B- Salvage pathway of purines: Or resynthesis of purine nucleotides: Purine bases (guanine, hypoxanthine and adenine) resulting during purine catabolism, may not complete the degradation to give uric acid, but react with PRPP again to resynthesize purine nucleotides. This occurs in some organs in which de no vo synthesis can not takes place e.g. in brain and RBCs. This pathway needs two enzymes: 1- Adenine phosphoribosyl transferase (APRTase) 2- Hypoxanthine-guanine phosphoribosyl transferase (HGPRTase) Both enzymes use PRPP as the source of ribose-5-phosphate
The first enzyme catalyze the transfer of ribose-5-P from PRPP to adenine to synthesize AMP. The second salvage enzyme (HGPRTase) mediates the transfer of ribose-5-P into hypoxanthine or guanine to regenerate IMP or GMP.
Pyrimidine metabolism Sources of carbon and nitrogen atoms in pyrimidine ring: N1, C4, C5 and C6 → from aspartate C2 from CO2 N3 → from amide group of glutamine
De no vo biosynthesis of pyrimidine nucleotides (UTP, CTP): • pyrimidine nucleotides are synthesized by a stepwise series of reactions to form UMP. • Pyrimidine ring is formed first then ribose-5- phosphate is added via PRPP. • NB. In purine synthesis, ribose-5-P is added from the first step, then, the ring is formed. • The rate limiting step in de novo synthesis of pyrimidine is the first step which is the formation of cabamoyl phosphate from glutamine and CO2 in the presence of 2ATP and carbamoyl phosphate synthetase II which is the rate limiting enzyme.
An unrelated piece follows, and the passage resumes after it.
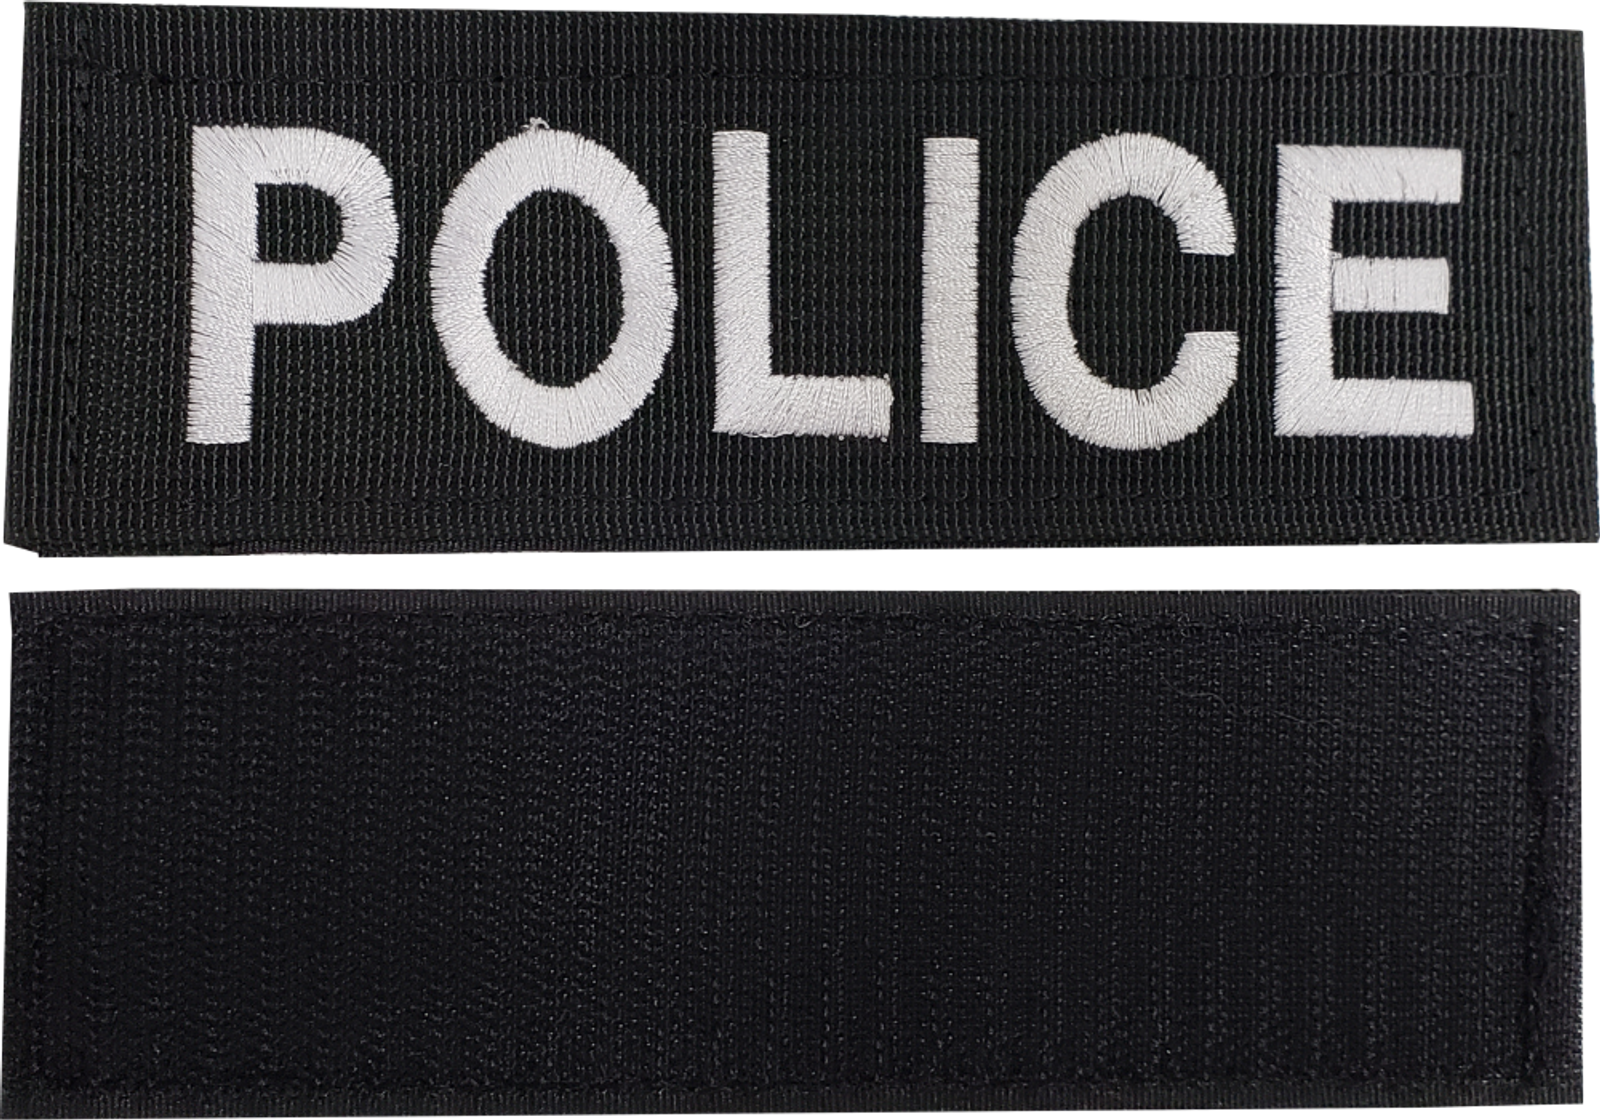 Embroidered Sheriff Patch, White Letters on Black Background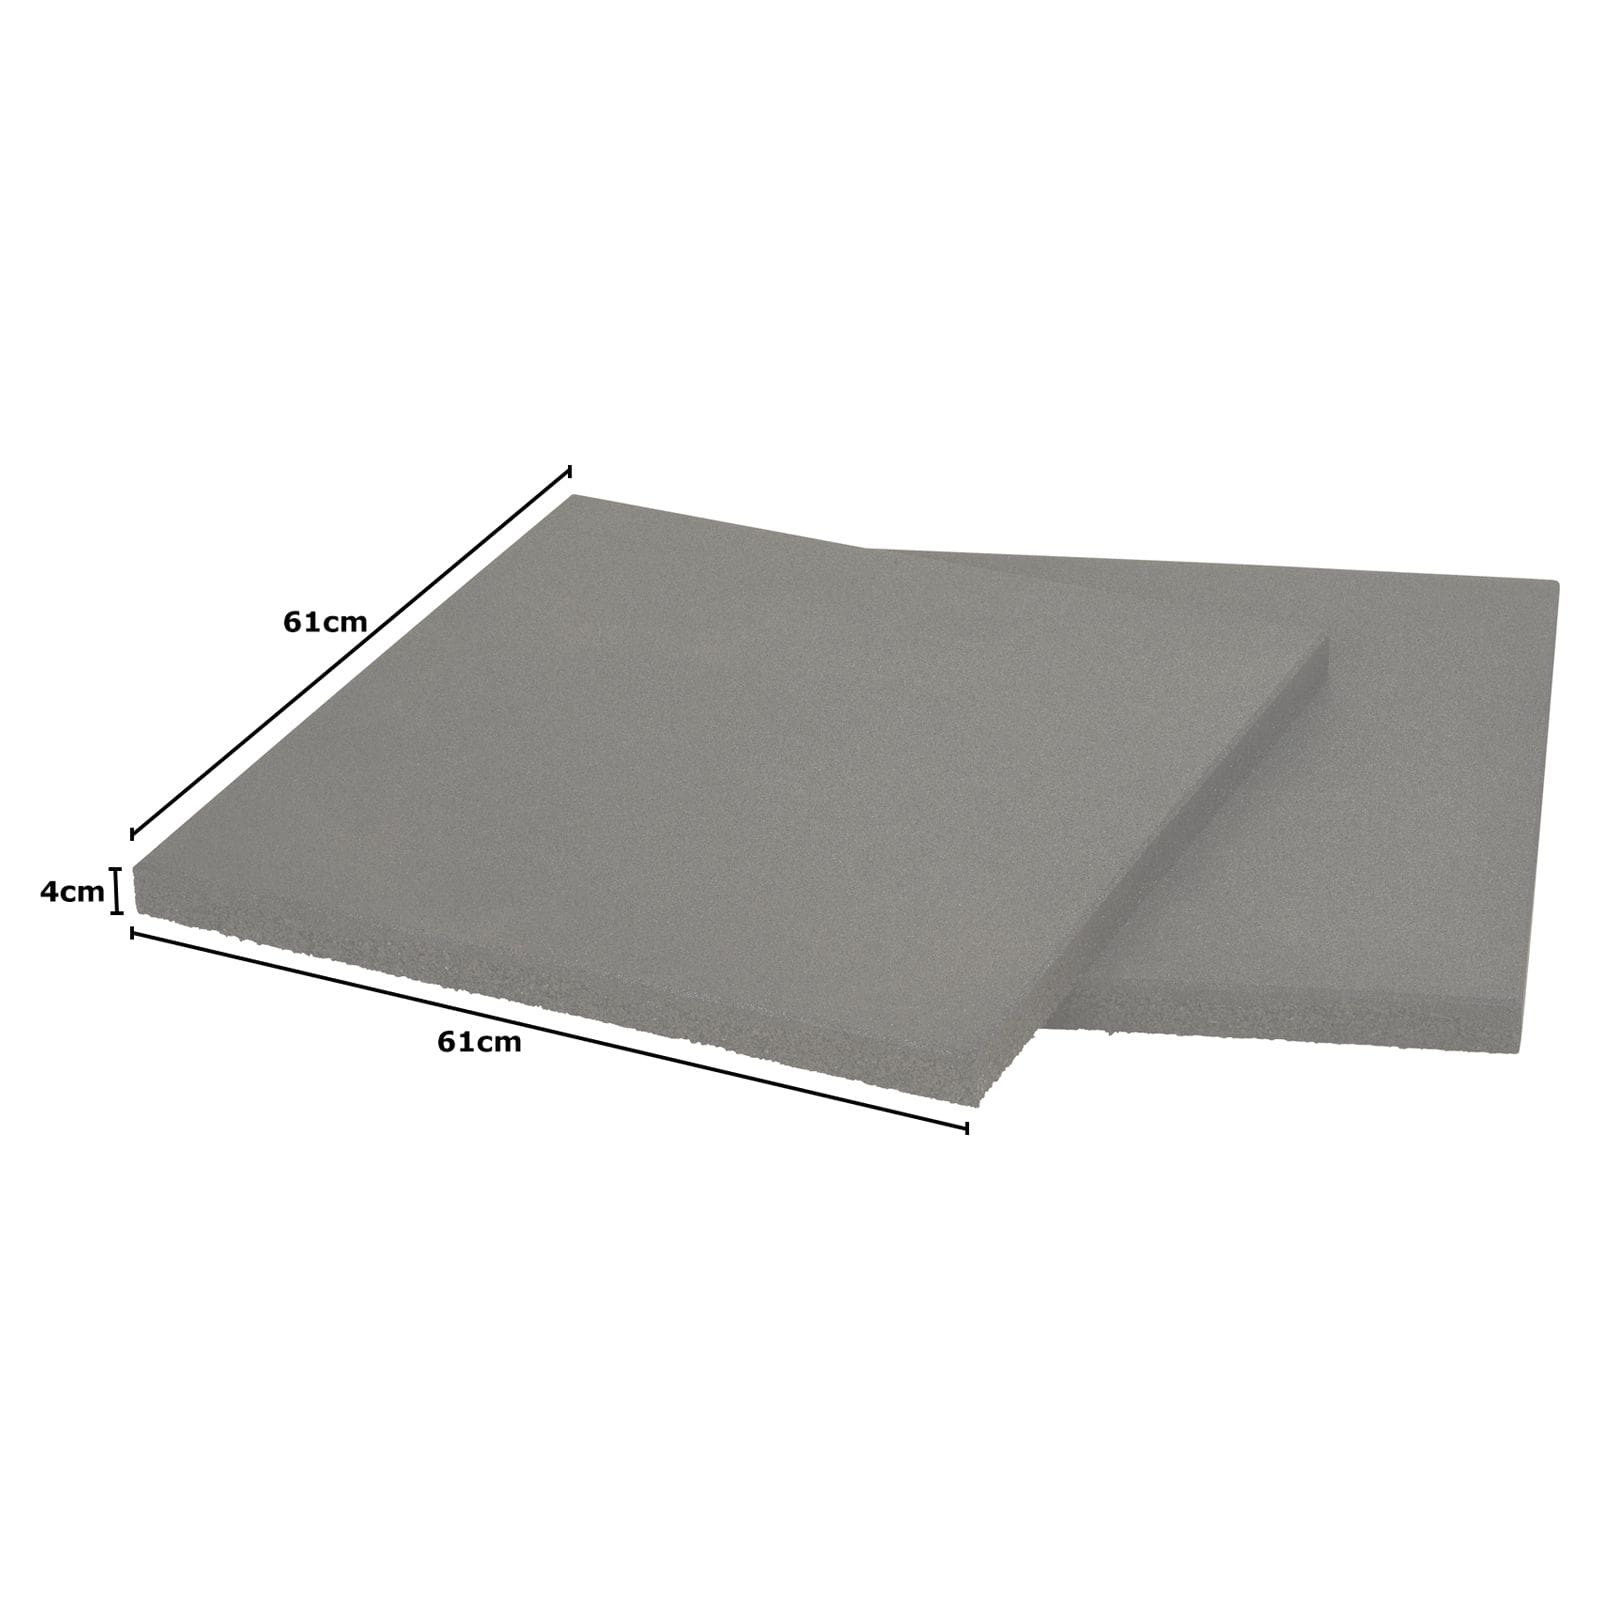 Mirafit 40mm Thick Rubber Gym Flooring Mats Dimensions

Pyrimidine Catabolism 1- Ring Cleavage: pyrimidine ring can be opened and degraded to highly soluble β-amino acids such as β- alanine and β-aminoisobutyrate
Some Functions of nucleotides: 1- Enter in the structure of DNA and RNA. 2- ATP and GTP are sources of energy 3- CTP is required for synthesis of phospholipids that enter in the structure of cell membrane 4- enter in the synthesis of some coenzymes such as NAD, FAD, FMN. 2- Salvage pathway of pyrimidine nucleotides: Pyrimidine base are salvaged to form nucleotides by pyrimidine phosphoribosyl transferase which transfer ribose-5-phosphate from PRPP to pyrimidine base to form nucleotide. Example: uracil base + PRPP → UMP + PPi.